I can throw the pedantry right back at you though: I didn't quote a percentage of randomness so I made a true statement. Some degree of randomness is present (if nothing else, it would be the percentage of readers having a bad day at that moment). So there :P

> I didn't quote a percentage of randomness

Ah, you're right, I blurred it with the comment that said they agree 100%.

>so I made a true statement.

No, you didn't, and it's not pedantry to say "don't dismiss a rating system because you can find the occasional outlier". That would be a big mistake, and merits being called out. Even speaking loosely, none of that justifies calling it "basically random".

The test of a discussion forum is whether good comments are generally pushed up (and vice versa) and how well that does compared to discussion forums in general. The occasional pathological case does not suddenly make it worthless or "basically random".

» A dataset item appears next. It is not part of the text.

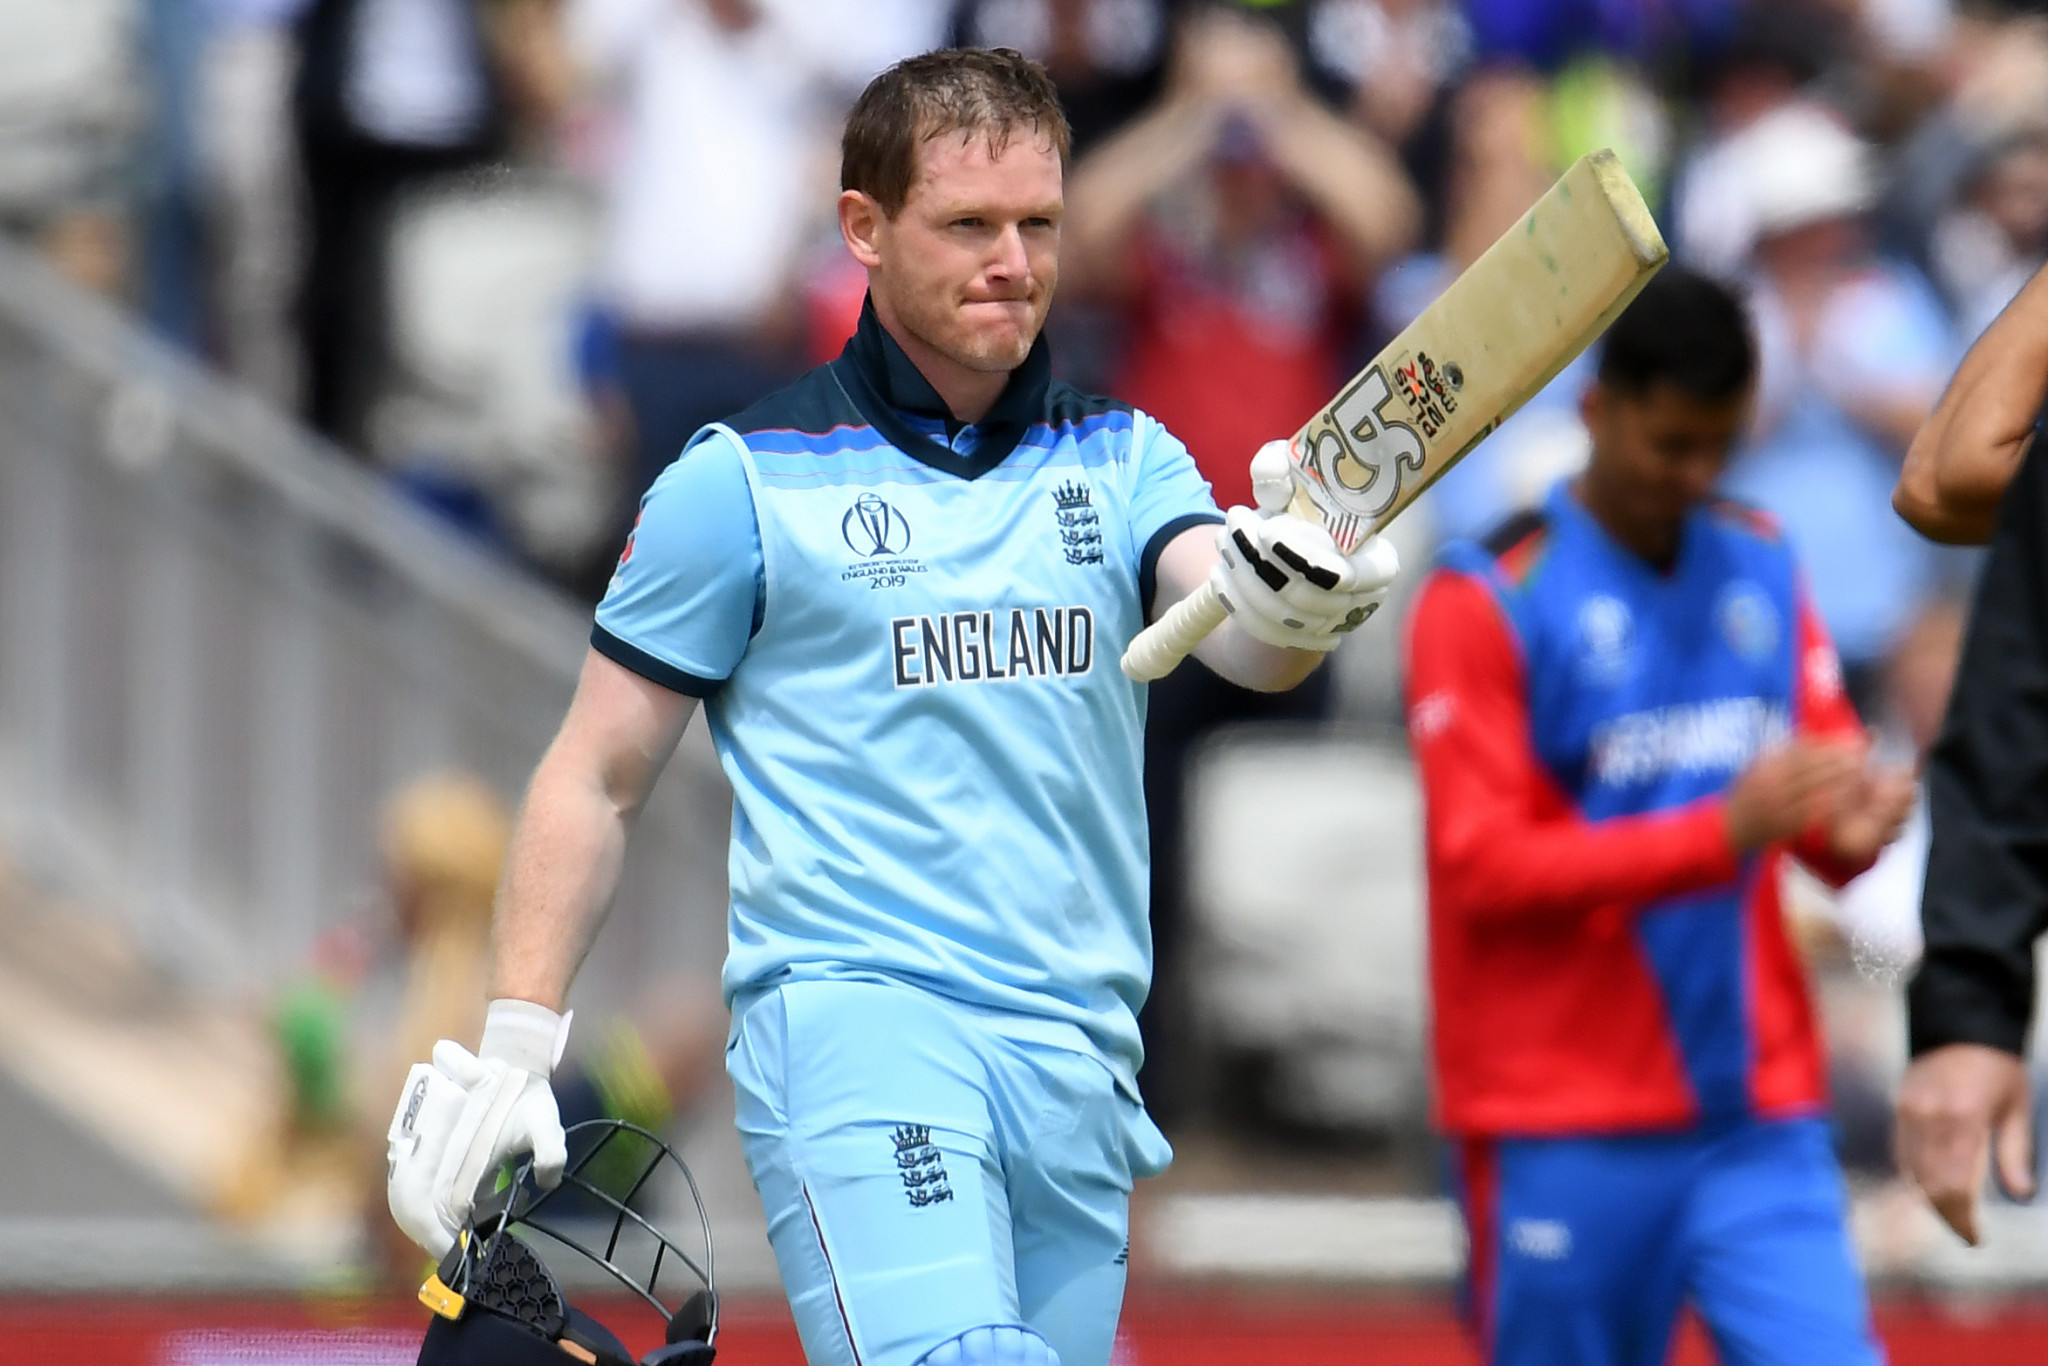 Eoin Morgan hit 17 sixes for England against Afghanistan at the Cricket World Cup ©Getty Images

It's interesting that we had a back and forth discussion here. If we were talking in person, this kind of error correction would be natural (me: "it's random", you: "this is not what random is", me: "oh yeah, I'm using it in the colloquial sense, how silly of me, my main point...") but comments don't have that immediate feedback. At the same time they are not essays: one cannot spend as much time editing and forecast every small negative reaction.

Thank you for an interesting discussion!

That's not what happened. You're wrong in the most charitable, colloquial sense too, and that should have been clear from my previous reply. You didn't just "goof" or speak casually, you mischaracterized what the voting patterns look like, or, at the very least, you need to back up your view with more than "hey! Look at these weird cases!"

"Basically random" looks nothing like what we see on HN.

I was actually half expecting some downvotes and thought it would be a cute bit of post-irony to downvote this to near-background color.
Ironic that your comment gets downvoted. The comments I see being downvoted usually are either offtopic, self-promotion, or ignorant.